WORK TO BE COMPLETED
Give the data below again exactly, and drop each picture from it.

DATA BELOW
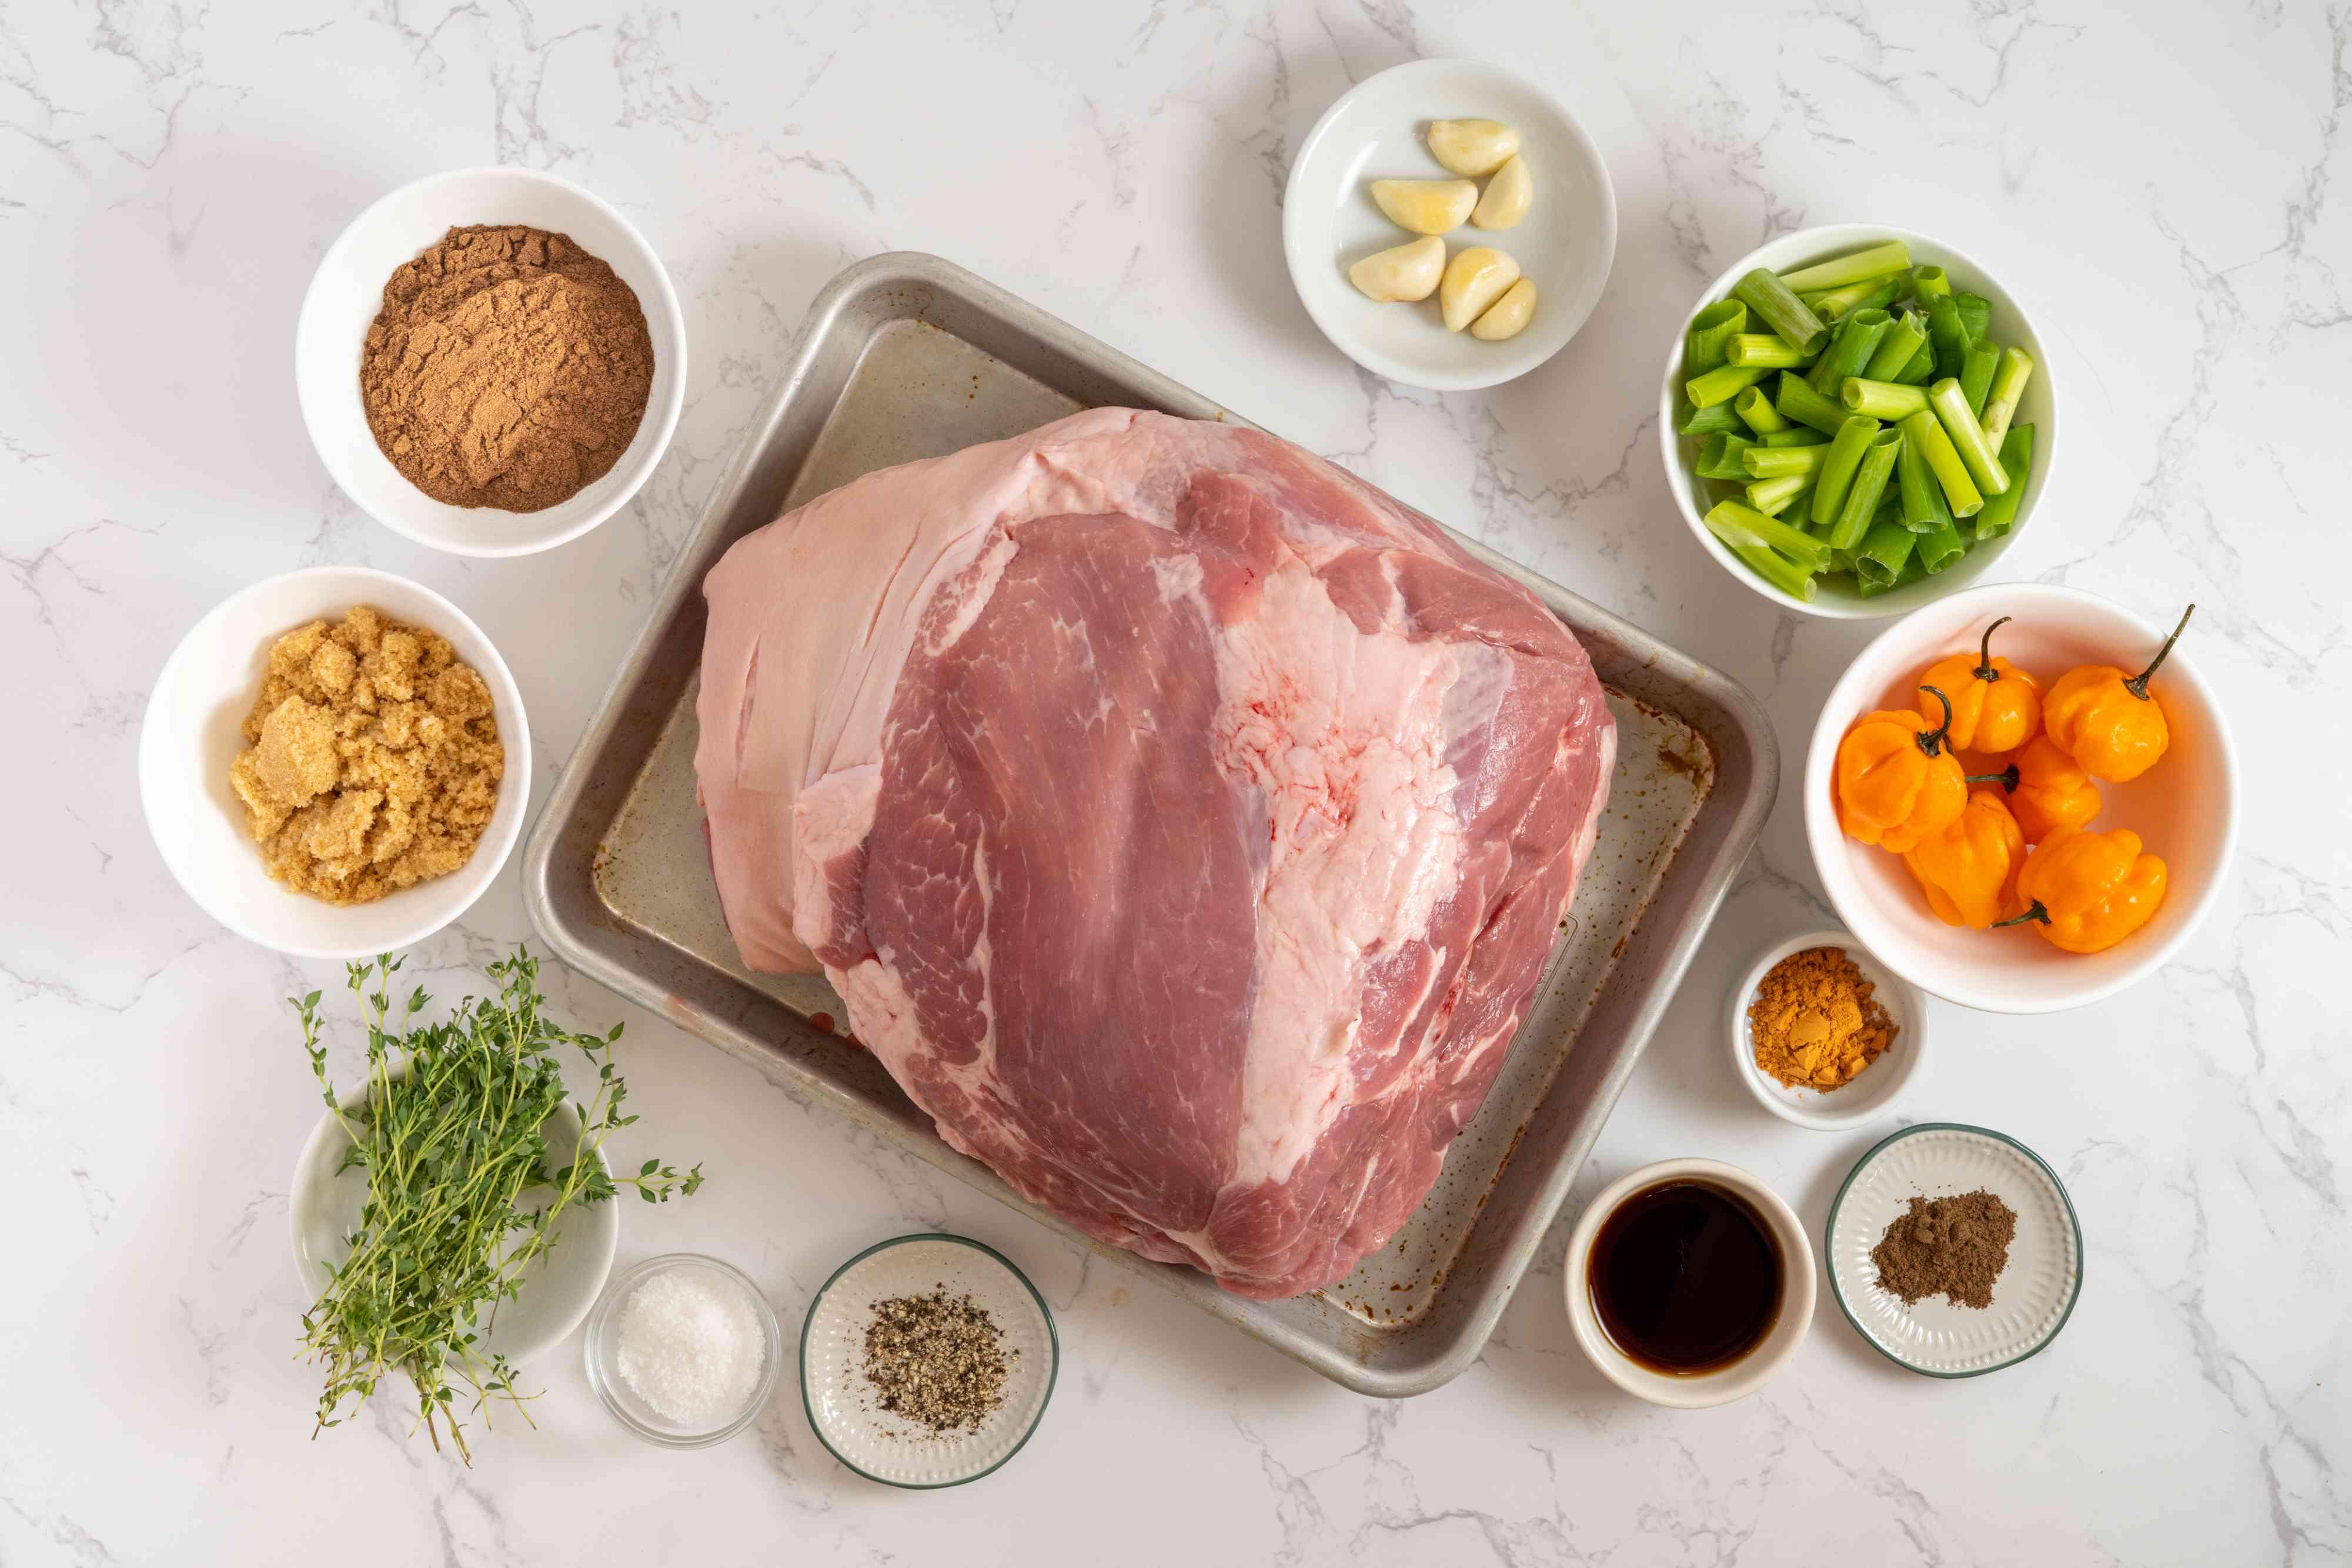 Jamaican Oven Jerk Pork Shoulder ingredients
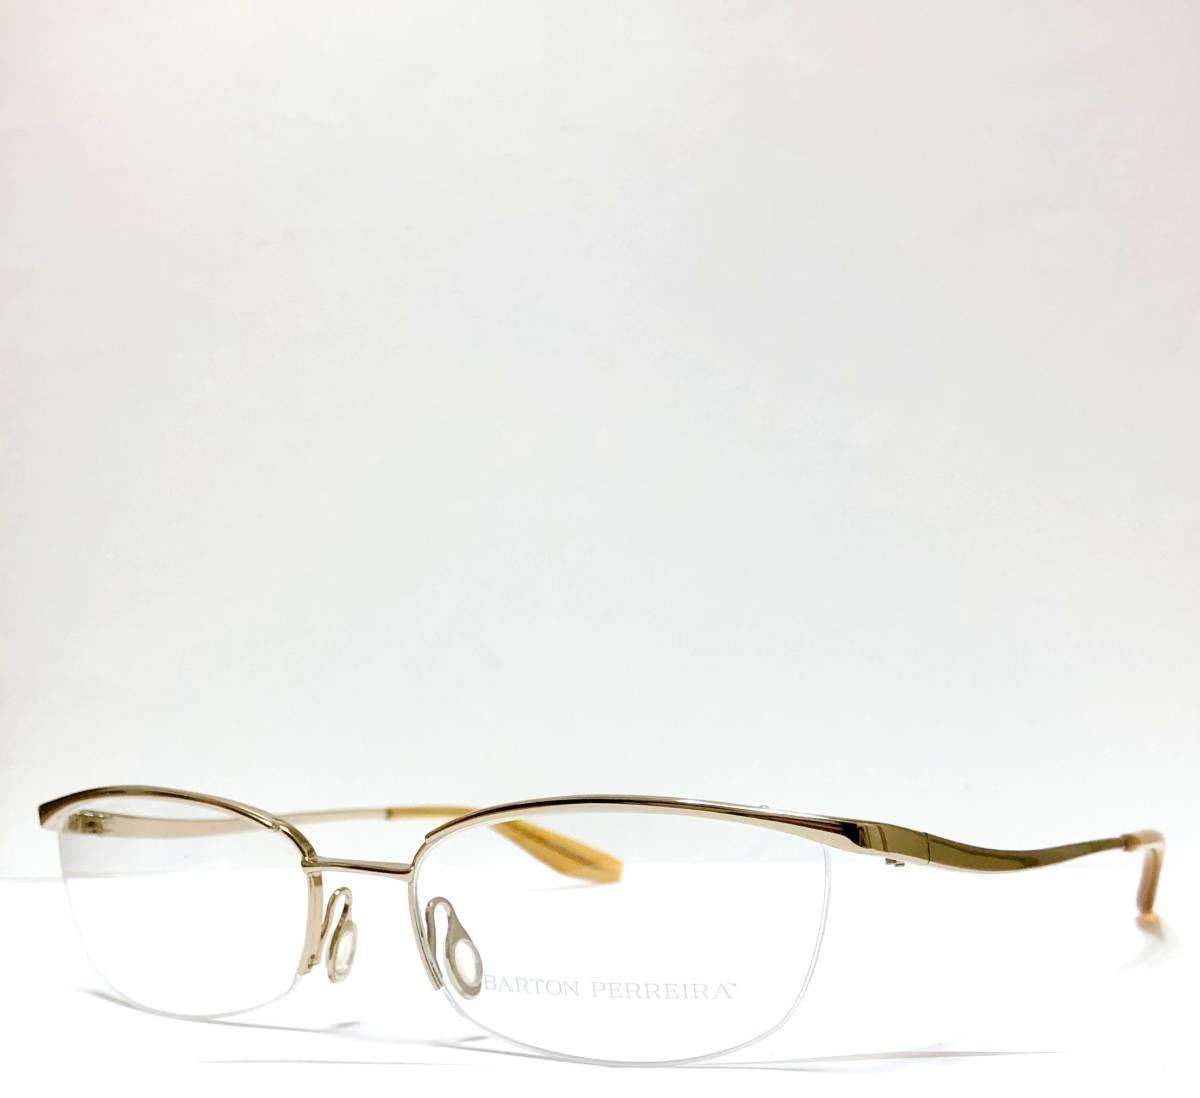 定価85800円 新品) 上流階級 バートンペレイラ ミア Barton Perreira 極上品 純正メガネ 付属品付き 金色 日本製 米国ブランド_画像3
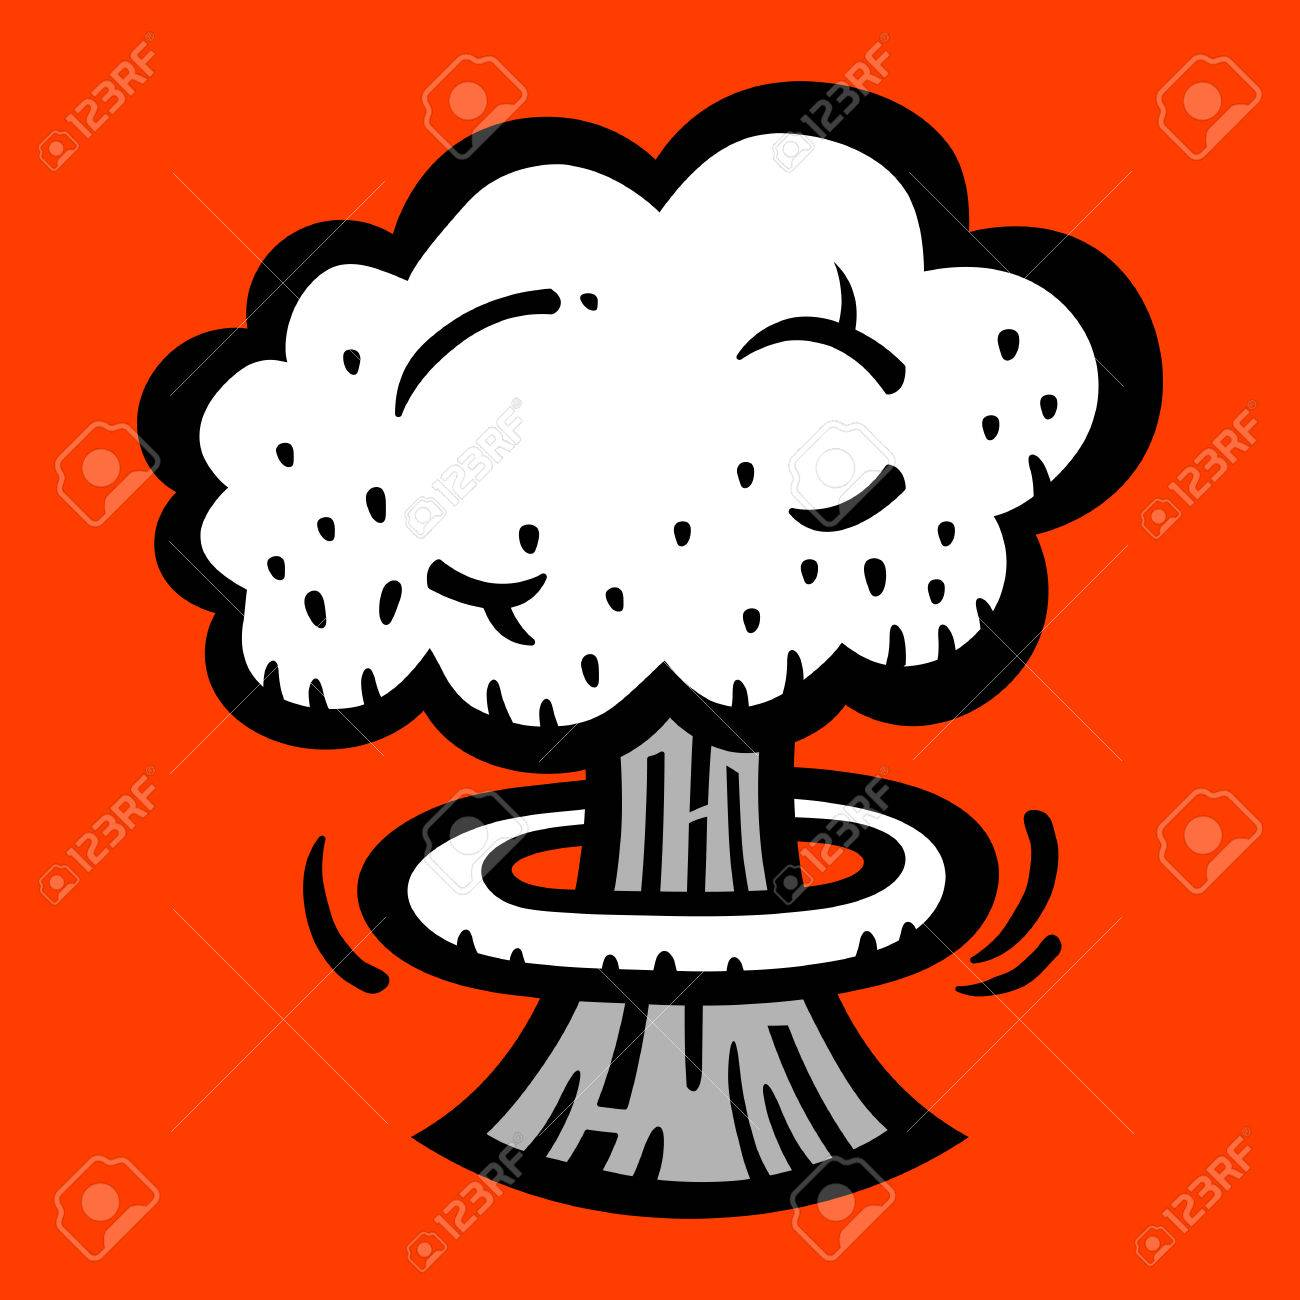 Mushroom Cloud Clipart

WRITTEN ANSWER
 Jamaican Oven Jerk Pork Shoulder ingredients
 定価85800円 新品) 上流階級 バートンペレイラ ミア Barton Perreira 極上品 純正メガネ 付属品付き 金色 日本製 米国ブランド_画像3
 Mushroom Cloud Clipart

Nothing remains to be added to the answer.